● **Activity**:
Wherever the word "background" shows up in the data, report the line it sits in.

Extracted data entries
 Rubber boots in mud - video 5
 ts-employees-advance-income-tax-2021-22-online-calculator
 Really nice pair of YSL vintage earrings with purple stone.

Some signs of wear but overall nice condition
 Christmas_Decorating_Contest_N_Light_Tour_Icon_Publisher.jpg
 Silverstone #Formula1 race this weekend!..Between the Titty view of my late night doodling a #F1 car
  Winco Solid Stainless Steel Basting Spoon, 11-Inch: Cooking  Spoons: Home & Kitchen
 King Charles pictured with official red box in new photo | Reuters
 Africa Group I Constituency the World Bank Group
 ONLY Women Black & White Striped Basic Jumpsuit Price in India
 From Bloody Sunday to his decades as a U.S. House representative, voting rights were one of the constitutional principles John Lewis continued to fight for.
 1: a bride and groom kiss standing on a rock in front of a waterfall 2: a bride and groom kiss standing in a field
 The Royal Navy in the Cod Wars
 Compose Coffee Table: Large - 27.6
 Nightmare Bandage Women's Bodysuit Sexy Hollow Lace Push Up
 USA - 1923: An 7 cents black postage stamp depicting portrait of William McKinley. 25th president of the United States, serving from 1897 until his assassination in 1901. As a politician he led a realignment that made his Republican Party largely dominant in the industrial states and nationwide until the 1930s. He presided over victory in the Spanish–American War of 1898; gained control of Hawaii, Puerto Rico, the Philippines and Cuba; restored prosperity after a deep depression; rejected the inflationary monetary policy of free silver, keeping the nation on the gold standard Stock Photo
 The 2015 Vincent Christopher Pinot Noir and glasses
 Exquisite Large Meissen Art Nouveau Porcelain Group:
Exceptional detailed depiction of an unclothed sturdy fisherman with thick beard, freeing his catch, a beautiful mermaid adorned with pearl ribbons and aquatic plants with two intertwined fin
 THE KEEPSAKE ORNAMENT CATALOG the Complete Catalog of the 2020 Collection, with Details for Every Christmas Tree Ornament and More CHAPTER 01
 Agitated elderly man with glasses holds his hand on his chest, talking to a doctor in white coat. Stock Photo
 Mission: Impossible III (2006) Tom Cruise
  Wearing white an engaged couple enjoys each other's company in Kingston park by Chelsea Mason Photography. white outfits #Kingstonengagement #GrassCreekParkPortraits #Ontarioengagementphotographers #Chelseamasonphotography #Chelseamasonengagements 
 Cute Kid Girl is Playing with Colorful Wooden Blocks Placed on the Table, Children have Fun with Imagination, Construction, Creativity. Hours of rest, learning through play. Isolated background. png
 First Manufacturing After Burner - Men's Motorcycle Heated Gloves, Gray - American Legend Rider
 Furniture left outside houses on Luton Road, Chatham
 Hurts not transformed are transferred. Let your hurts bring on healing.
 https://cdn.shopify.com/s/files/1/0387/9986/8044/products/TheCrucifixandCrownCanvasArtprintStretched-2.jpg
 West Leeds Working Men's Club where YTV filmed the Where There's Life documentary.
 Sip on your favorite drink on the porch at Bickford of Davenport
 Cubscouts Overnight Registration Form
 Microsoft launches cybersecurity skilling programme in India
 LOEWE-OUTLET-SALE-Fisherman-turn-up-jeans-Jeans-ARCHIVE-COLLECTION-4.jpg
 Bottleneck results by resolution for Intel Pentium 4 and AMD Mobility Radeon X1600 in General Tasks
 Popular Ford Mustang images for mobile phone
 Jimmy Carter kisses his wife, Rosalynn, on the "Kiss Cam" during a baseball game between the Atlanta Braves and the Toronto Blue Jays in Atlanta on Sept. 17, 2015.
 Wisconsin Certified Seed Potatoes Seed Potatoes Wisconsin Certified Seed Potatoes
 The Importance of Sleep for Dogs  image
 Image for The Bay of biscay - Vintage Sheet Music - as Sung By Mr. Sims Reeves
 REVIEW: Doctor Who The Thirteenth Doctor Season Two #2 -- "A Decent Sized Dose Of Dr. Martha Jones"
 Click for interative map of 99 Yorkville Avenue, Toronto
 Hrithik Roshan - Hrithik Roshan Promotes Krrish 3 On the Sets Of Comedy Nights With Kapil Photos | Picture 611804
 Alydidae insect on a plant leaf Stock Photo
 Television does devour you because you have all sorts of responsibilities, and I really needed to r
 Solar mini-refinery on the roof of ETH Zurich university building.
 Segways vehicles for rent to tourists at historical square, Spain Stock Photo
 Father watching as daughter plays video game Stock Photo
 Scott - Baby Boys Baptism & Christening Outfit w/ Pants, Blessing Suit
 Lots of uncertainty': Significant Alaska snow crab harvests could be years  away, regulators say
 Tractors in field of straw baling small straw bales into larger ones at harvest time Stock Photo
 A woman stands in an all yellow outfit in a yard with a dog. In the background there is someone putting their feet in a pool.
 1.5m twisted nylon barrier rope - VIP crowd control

● **Exercise solution**:
 Cute Kid Girl is Playing with Colorful Wooden Blocks Placed on the Table, Children have Fun with Imagination, Construction, Creativity. Hours of rest, learning through play. Isolated background. png
 A woman stands in an all yellow outfit in a yard with a dog. In the background there is someone putting their feet in a pool.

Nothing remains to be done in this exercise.